1 min read Youth Work
The government has been urged to lower the voting age to 16 in order to allow young people to stage "a fightback in the ballot box" against potential cuts to their services.

At a Labour Party fringe debate organised by Children & Young People Now and The National Youth Agency, Richard Angell, chair of the Young Labour National Committee, said: "Services for young people always get cut first because young people can't stage a fightback in the ballot box." Angell said 16- and 17-year-olds should be given the vote "because they have to be positive about the future".

Peter Watt, chief executive of The Campaign Company, which has helped to devise the Young Mayor Network, said youth services might be deemed easy to cut.

"Most people are not able to explain how youth services work. If you can't explain it they'll be prime for cutting," Watt said. "You need to hang the youth services on something visible and we contend that that would be direct representation. Whether that's a young mayor or UK Youth Parliament representative, they're the faces of all the good things going on."

Fiona Blacke, chief executive of The National Youth Agency, said the onus must be on communities to back young people in the face of cuts to public spending.

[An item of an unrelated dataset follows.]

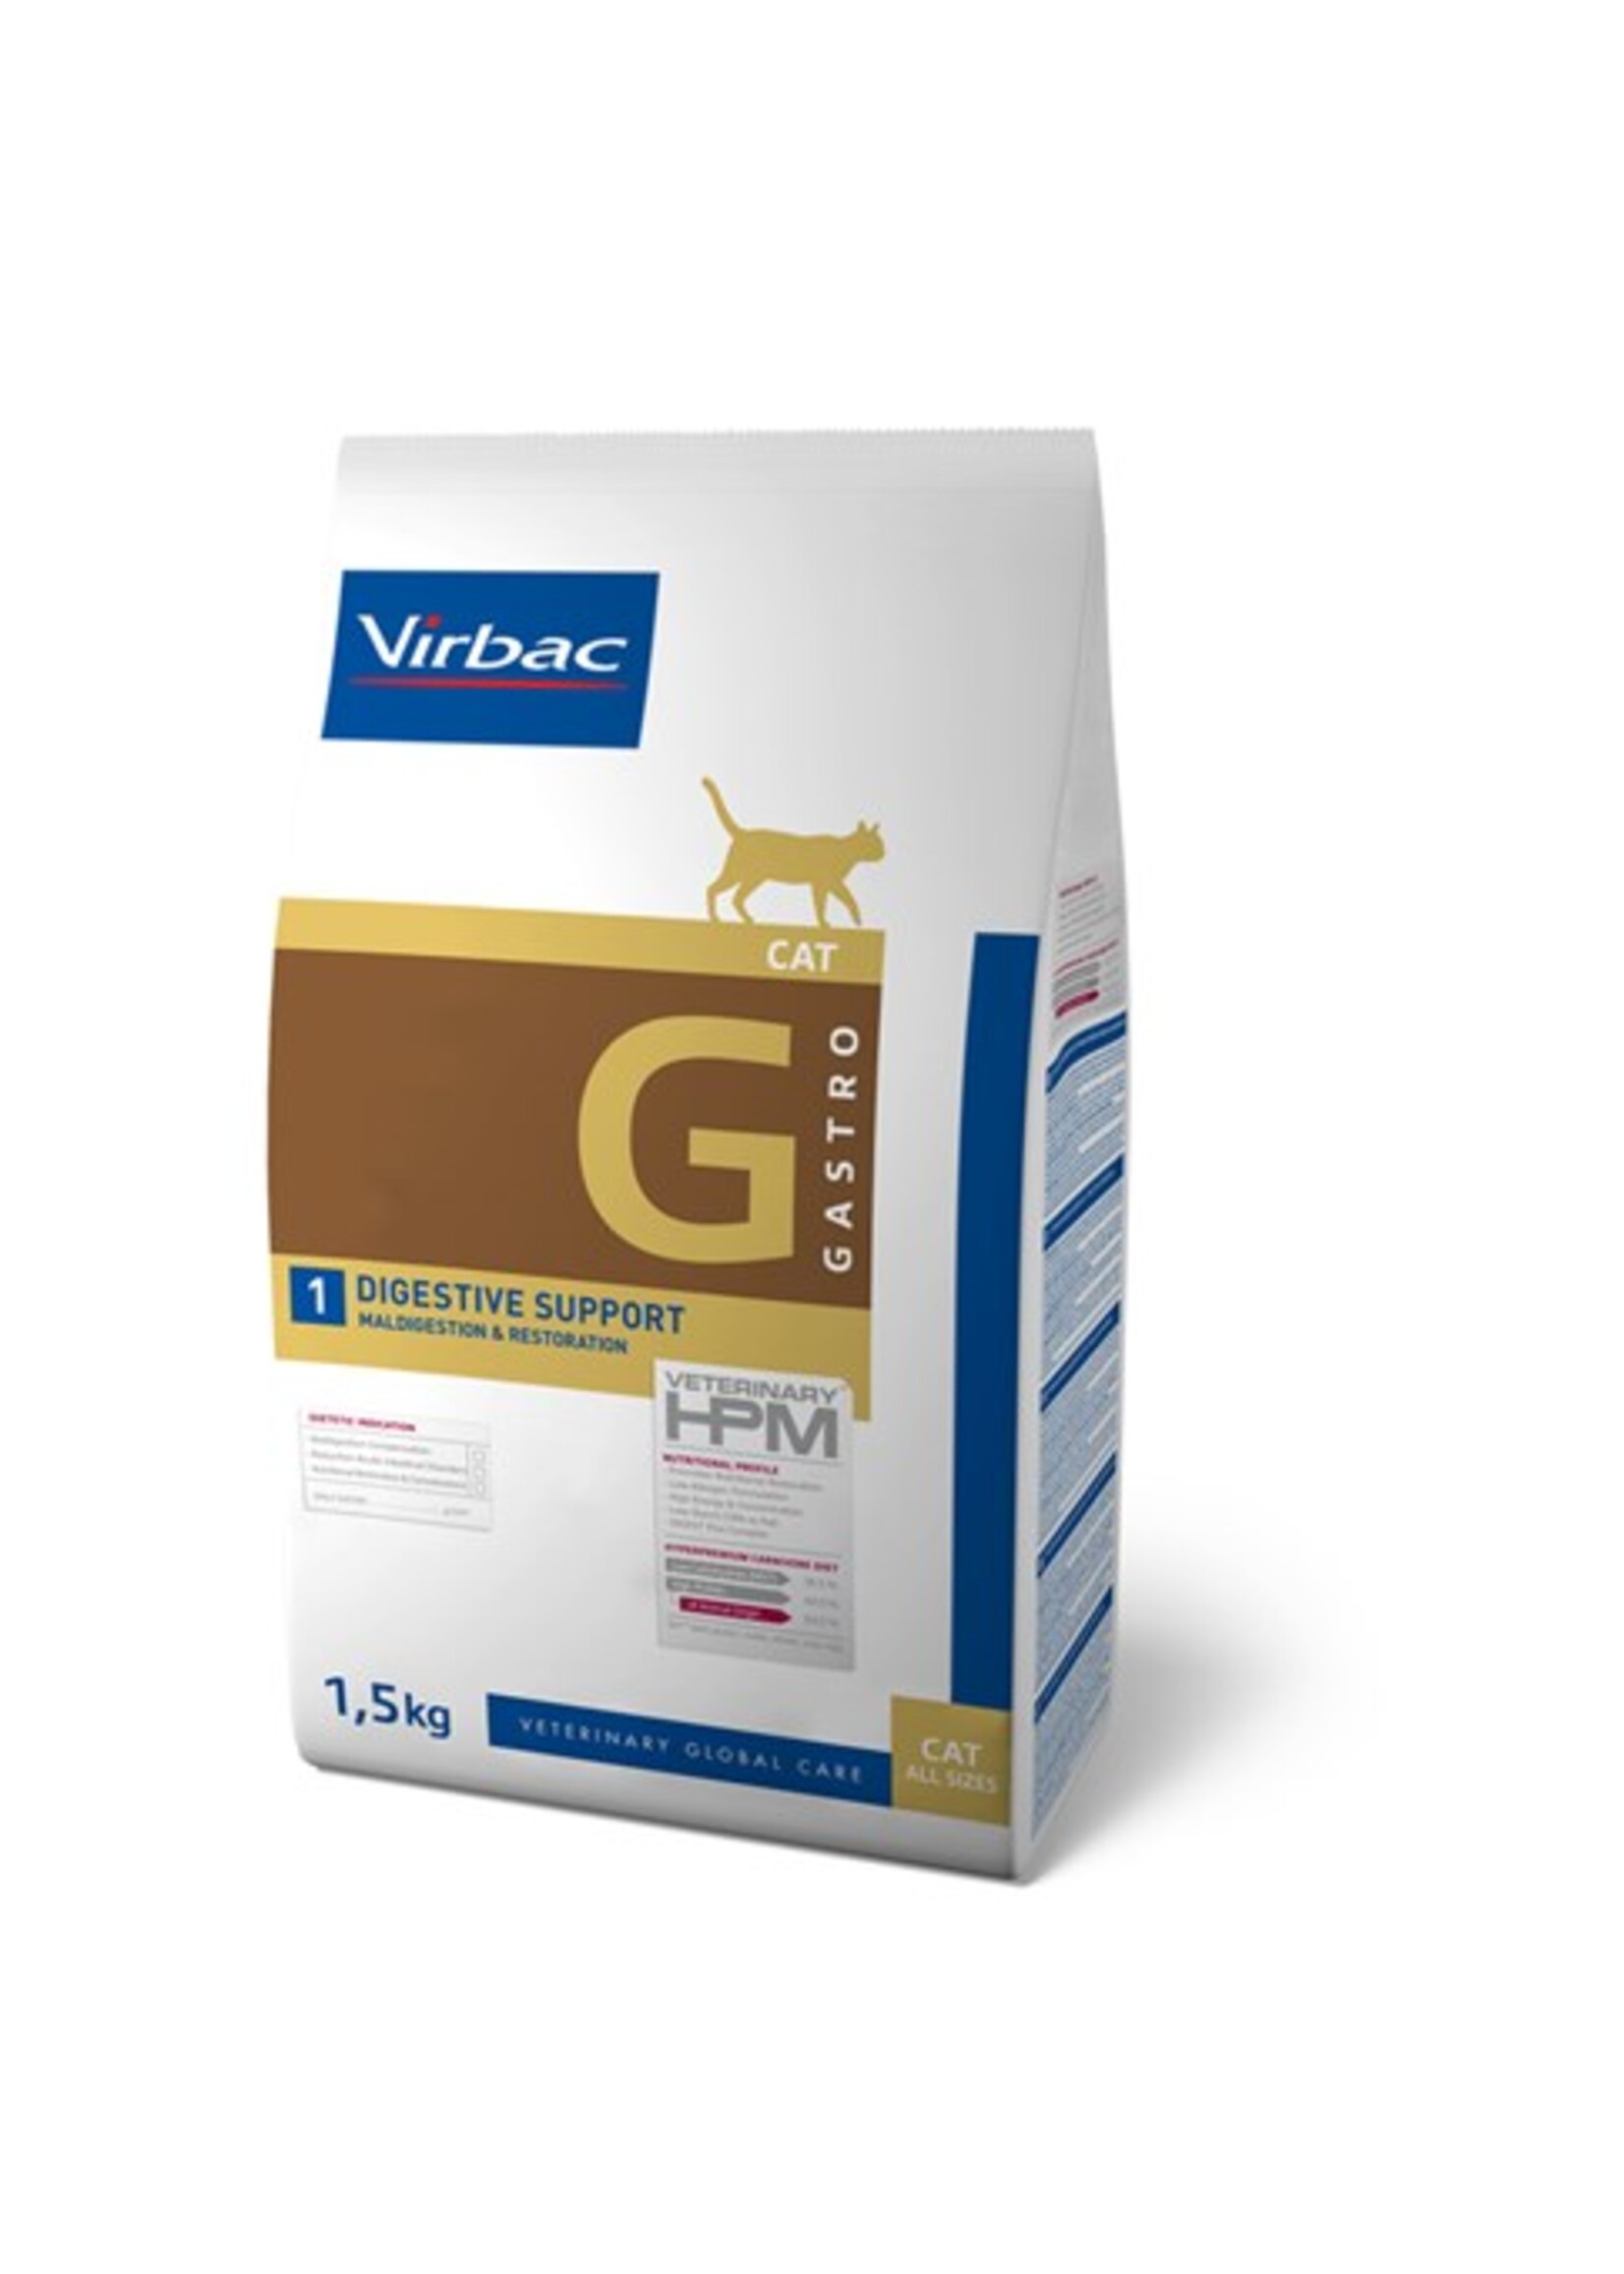 Virbac Virbac Hpm Katze Digestive Support G1 1,5kg

She suggested local authorities should involve young people more in delivering services that could be subject to cuts.

But Anne Longfield, chief executive of charity 4Children, bemoaned a lack of coherence on government initiatives for young people. "There are lots of programmes but no glue to bind them together," she said. She suggested the solution might lie in involving young people in the delivery of all initiatives, regardless of who they are aimed at.